女の子は大切な友人を傷つけたままだったので、本を渡すことで仲直りをし元気づけたかったのではないでしょうか。
王子が記憶を失っていた理由
女の子が見つけ出した星の王子さまはなぜ記憶を失っていたのでしょう。
そこには大きなメタファーが存在しているようです。
普通の大人になったから
星の王子さまは女の子がいうように普通の大人に成長してしまったのでしょう。
「大人になる為の学校」は、現実社会を風刺しているようにも感じます。
効率や生産性を突き詰め、創造力や夢を壊してしまう場所です。
彼は周囲の大人たちによって、無理矢理に子供時代の記憶を消されたと考察出来ます。
劇中で描かれたような大人になるには、子供の心を消す必要があるからです。
やるべきことに追われていたから
働かなきゃ、大切な一員として
引用:リトルプリンス 星の王子さまと私/配給会社:パラマウント映画
星の王子さまは仕事に追われる日々を過ごしており、やるべきことに追われています。
やりたいことを忘れてしまうのも無理のない話です。
子供の時は、やりたいことや疑問で心が満たされていますが、大人になるとやるべきことで満たされてしまうのでしょう。
彼はやるべきことに支配され、本当の心(子供の心)を失ってしまったとも取れます。
大人は記憶(夢)を失うという悲劇
原作となった星の王子さまに、風刺をプラスした本作は大人用に作られたアニメといえるのではないでしょうか。
大人の描かれ方が斬新で、ドキッとしてしまうシーンも多々ありました。
星の王子さまが記憶を失うというのも痛烈な風刺のように感じます。
母親に描かれた計画性
女の子の母親は数年先までの計画を密に立てていました。
観る者は「尋常じゃない親」という印象を持ちますが、子供の目線で見ると大人はそういうものなのかもしれません。

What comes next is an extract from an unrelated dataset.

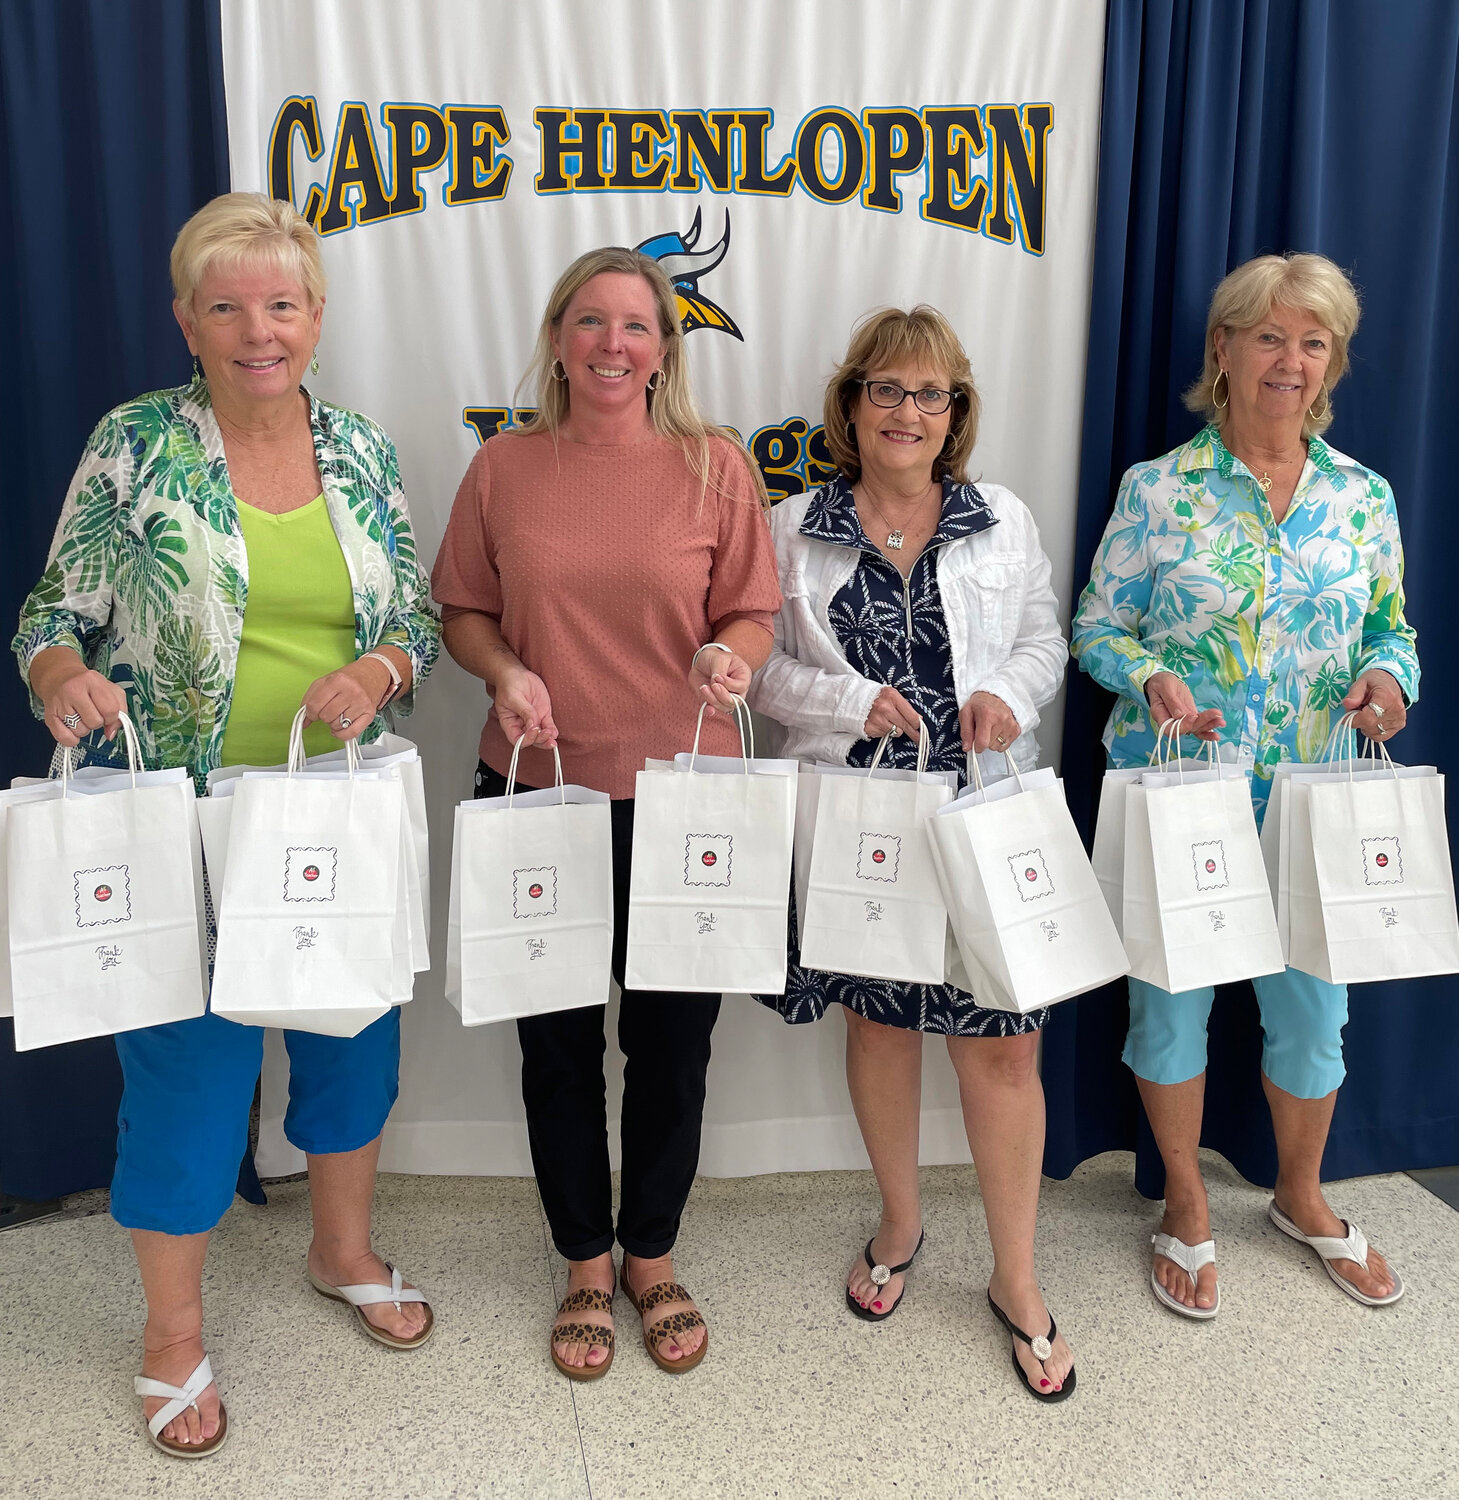 Cape Henlopen High School Principal Kristen DeGregory accepted gifts for new staff. From left, Diane Baerveldt, DeGregory, Kathy Jacobs and Lin Waggoner.

子供の時間と大人の時間は違うといわれますが、大人は常に何かに向かって生きているのです。
本作に描かれた子供たちは、今を生きています。
現代の生き方を問われるような内容ではないでしょうか。
不必要なものを忘れる大人
大切でないものは、全て大切なものに作り変える
引用:リトルプリンス 星の王子さまと私/配給会社:パラマウント映画
大人たちは、自分に不必要なものを生産性のある必要なものに作り変えています。
世の中に不必要なものなど存在するのでしょうか…。
劇中の「大人になる学校」では、子供の時に持っていた大切な記憶も必要なものに作り変えてしまうのでしょう。
目に見えないものが理解出来なくなる
雨の車内でのラジオはとても印象的で、目に見える数字が羅列されていました。
予期せぬ大雨で32人が仕事に遅刻、街の生産性が0.4パーセントダウンしました…
引用:リトルプリンス 星の王子さまと私/配給会社:パラマウント映画
原作でも主軸となっている目に見えないものは、大人の世界には存在していないのです。